Nice one, thanks Daniel.

Out of interest, why Redis, as opposed to CouchDB? I was thinking that it might make sense to store the result of the last Chef run in the existing server data-store, along with everything else, so that (for example) you could target failed nodes using “knife”. Are you intentionally trying to keep “node status” and “run history” separate?


cheers,
Mike Williams


#4

On Sun, Nov 7, 2010 at 9:25 PM, Mike Williams
mike@cogentconsulting.com.au wrote:

On 08/11/2010, at 15:49 , Daniel DeLeo wrote:

Also, I’ve been working on a handler paired with a simple sinatra app
that stores run history in redis. It’s still pretty early going, but
you can find the source here:
https://github.com/danielsdeleo/nom_nom_nom

Nice one, thanks Daniel.

Out of interest, why Redis, as opposed to CouchDB? I was thinking that it might make sense to store the result of the last Chef run in the existing server data-store, along with everything else, so that (for example) you could target failed nodes using “knife”. Are you intentionally trying to keep “node status” and “run history” separate?

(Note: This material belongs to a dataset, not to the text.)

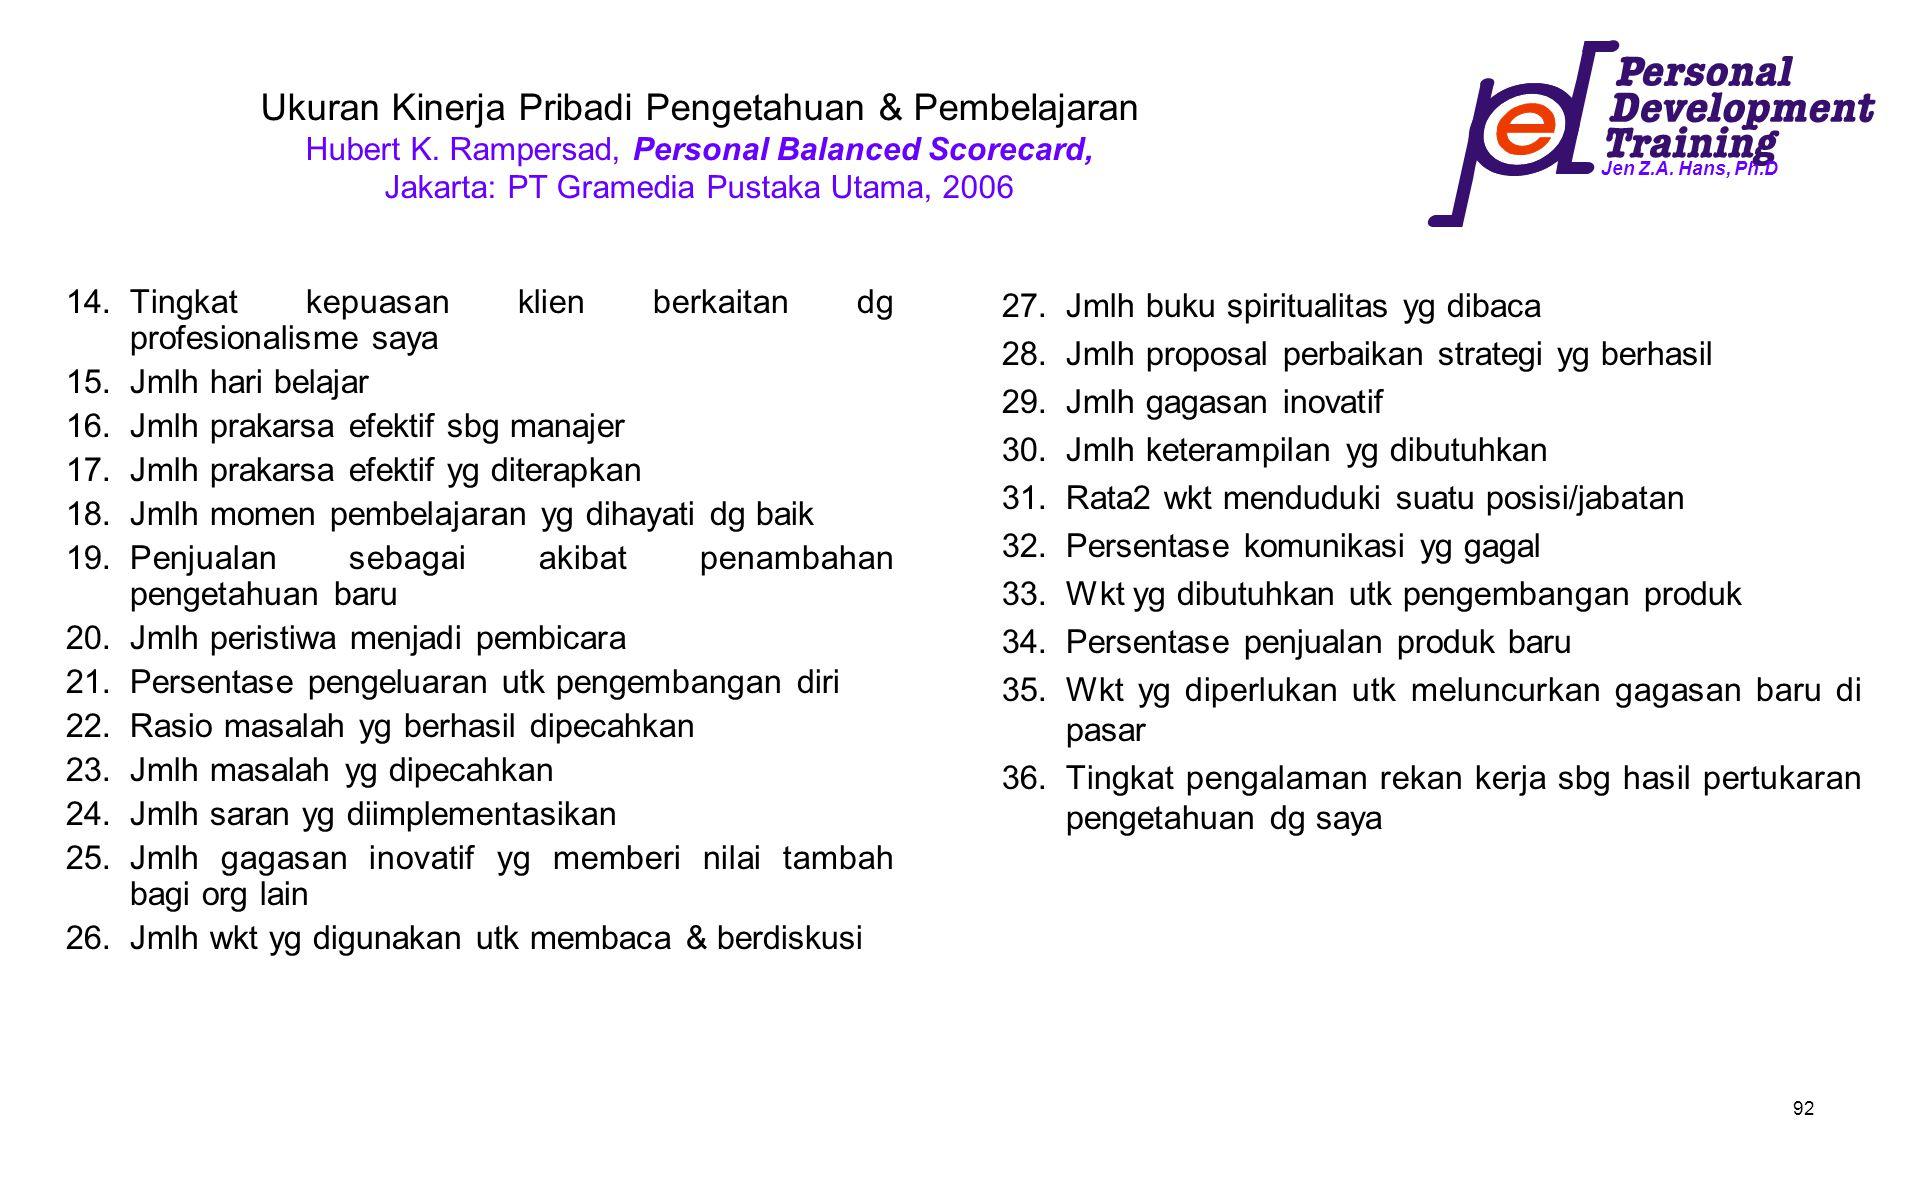 Jen Z.A. Hans, Ph.D 92 Ukuran Kinerja Pribadi Pengetahuan & Pembelajaran Hubert K. Rampersad, Personal Balanced Scorecard, Jakarta: PT Gramedia Pustak

I wrote it on the side as a way to get some exposure to technology I
find interesting but don’t use day-to-day. My plan is to get some
experience using/operating what I have so far and then re-evaluate the
technology decisions.

The app as it is allows you to fetch the list of only successful or
failed nodes (it’s part of how the data is modeled in redis) and the
UI shows failed/success in the node list, so I’m not trying to keep
them separate. But I did want to take the opportunity to design the UI
(and the whole app, really) from first principles instead of trying to
shoehorn it into what already exists so I can have a fresh perspective
on the problem.

Cheers,

Dan DeLeo


cheers,
Mike Williams


#5

I’ve taken a different approach to monitoring failed recipes. I use a
nagios passive check to monitor each chef-client’s log file using LMF
(similar to swatch) for both failed and successful runs. By adding a
freshness threshold, it also doubles as a check that each chef-client is
still running (i.e., the check goes critical if it hasn’t received a passive
check update within the chef client interval + splay + some buffer). Works
well so far.

  • Rob

On Mon, Nov 8, 2010 at 1:36 AM, Daniel DeLeo dan@kallistec.com wrote:

On Sun, Nov 7, 2010 at 9:25 PM, Mike Williams
mike@cogentconsulting.com.au wrote:

On 08/11/2010, at 15:49 , Daniel DeLeo wrote:

Also, I’ve been working on a handler paired with a simple sinatra app
that stores run history in redis. It’s still pretty early going, but
you can find the source here:
https://github.com/danielsdeleo/nom_nom_nom

Nice one, thanks Daniel.

Out of interest, why Redis, as opposed to CouchDB? I was thinking that
it might make sense to store the result of the last Chef run in the existing
server data-store, along with everything else, so that (for example) you
could target failed nodes using “knife”. Are you intentionally trying to
keep “node status” and “run history” separate?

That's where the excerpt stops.